[Instructions to follow] Starting at the first line of the listing below and ending at the line with "La Ragazza con la Valigia in Cina", copy each line exactly.
===== Available data =====
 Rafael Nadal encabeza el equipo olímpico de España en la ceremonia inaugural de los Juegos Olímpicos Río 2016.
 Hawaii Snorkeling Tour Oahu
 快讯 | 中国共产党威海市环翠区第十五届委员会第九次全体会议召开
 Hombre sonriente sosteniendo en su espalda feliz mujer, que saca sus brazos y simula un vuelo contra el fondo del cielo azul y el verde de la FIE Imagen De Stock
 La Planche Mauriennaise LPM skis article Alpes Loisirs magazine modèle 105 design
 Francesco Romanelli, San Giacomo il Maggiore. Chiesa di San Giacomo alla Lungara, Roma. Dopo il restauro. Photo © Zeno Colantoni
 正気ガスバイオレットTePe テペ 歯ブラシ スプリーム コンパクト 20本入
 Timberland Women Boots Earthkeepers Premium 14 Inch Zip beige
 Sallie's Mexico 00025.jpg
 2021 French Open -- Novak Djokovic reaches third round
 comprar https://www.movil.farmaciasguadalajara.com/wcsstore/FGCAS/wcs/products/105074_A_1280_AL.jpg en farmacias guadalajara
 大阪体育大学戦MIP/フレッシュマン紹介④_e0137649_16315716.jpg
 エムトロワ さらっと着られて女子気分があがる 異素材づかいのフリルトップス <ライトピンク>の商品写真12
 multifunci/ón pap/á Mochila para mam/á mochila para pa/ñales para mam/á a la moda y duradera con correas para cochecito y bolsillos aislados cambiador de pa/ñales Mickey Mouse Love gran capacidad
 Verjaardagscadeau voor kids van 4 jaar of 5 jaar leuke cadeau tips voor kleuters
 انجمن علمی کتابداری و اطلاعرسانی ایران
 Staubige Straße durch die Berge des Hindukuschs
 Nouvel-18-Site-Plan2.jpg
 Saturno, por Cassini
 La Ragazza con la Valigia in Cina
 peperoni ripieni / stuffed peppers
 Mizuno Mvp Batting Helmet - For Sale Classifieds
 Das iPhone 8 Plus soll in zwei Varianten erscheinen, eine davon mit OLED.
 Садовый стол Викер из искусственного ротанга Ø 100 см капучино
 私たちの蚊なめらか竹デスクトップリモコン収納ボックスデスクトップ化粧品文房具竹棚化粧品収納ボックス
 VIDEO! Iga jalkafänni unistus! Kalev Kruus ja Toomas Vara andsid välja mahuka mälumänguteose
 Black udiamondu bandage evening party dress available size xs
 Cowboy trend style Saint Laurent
=====
[Exercise answer]
 Rafael Nadal encabeza el equipo olímpico de España en la ceremonia inaugural de los Juegos Olímpicos Río 2016.
 Hawaii Snorkeling Tour Oahu
 快讯 | 中国共产党威海市环翠区第十五届委员会第九次全体会议召开
 Hombre sonriente sosteniendo en su espalda feliz mujer, que saca sus brazos y simula un vuelo contra el fondo del cielo azul y el verde de la FIE Imagen De Stock
 La Planche Mauriennaise LPM skis article Alpes Loisirs magazine modèle 105 design
 Francesco Romanelli, San Giacomo il Maggiore. Chiesa di San Giacomo alla Lungara, Roma. Dopo il restauro. Photo © Zeno Colantoni
 正気ガスバイオレットTePe テペ 歯ブラシ スプリーム コンパクト 20本入
 Timberland Women Boots Earthkeepers Premium 14 Inch Zip beige
 Sallie's Mexico 00025.jpg
 2021 French Open -- Novak Djokovic reaches third round
 comprar https://www.movil.farmaciasguadalajara.com/wcsstore/FGCAS/wcs/products/105074_A_1280_AL.jpg en farmacias guadalajara
 大阪体育大学戦MIP/フレッシュマン紹介④_e0137649_16315716.jpg
 エムトロワ さらっと着られて女子気分があがる 異素材づかいのフリルトップス <ライトピンク>の商品写真12
 multifunci/ón pap/á Mochila para mam/á mochila para pa/ñales para mam/á a la moda y duradera con correas para cochecito y bolsillos aislados cambiador de pa/ñales Mickey Mouse Love gran capacidad
 Verjaardagscadeau voor kids van 4 jaar of 5 jaar leuke cadeau tips voor kleuters
 انجمن علمی کتابداری و اطلاعرسانی ایران
 Staubige Straße durch die Berge des Hindukuschs
 Nouvel-18-Site-Plan2.jpg
 Saturno, por Cassini
 La Ragazza con la Valigia in Cina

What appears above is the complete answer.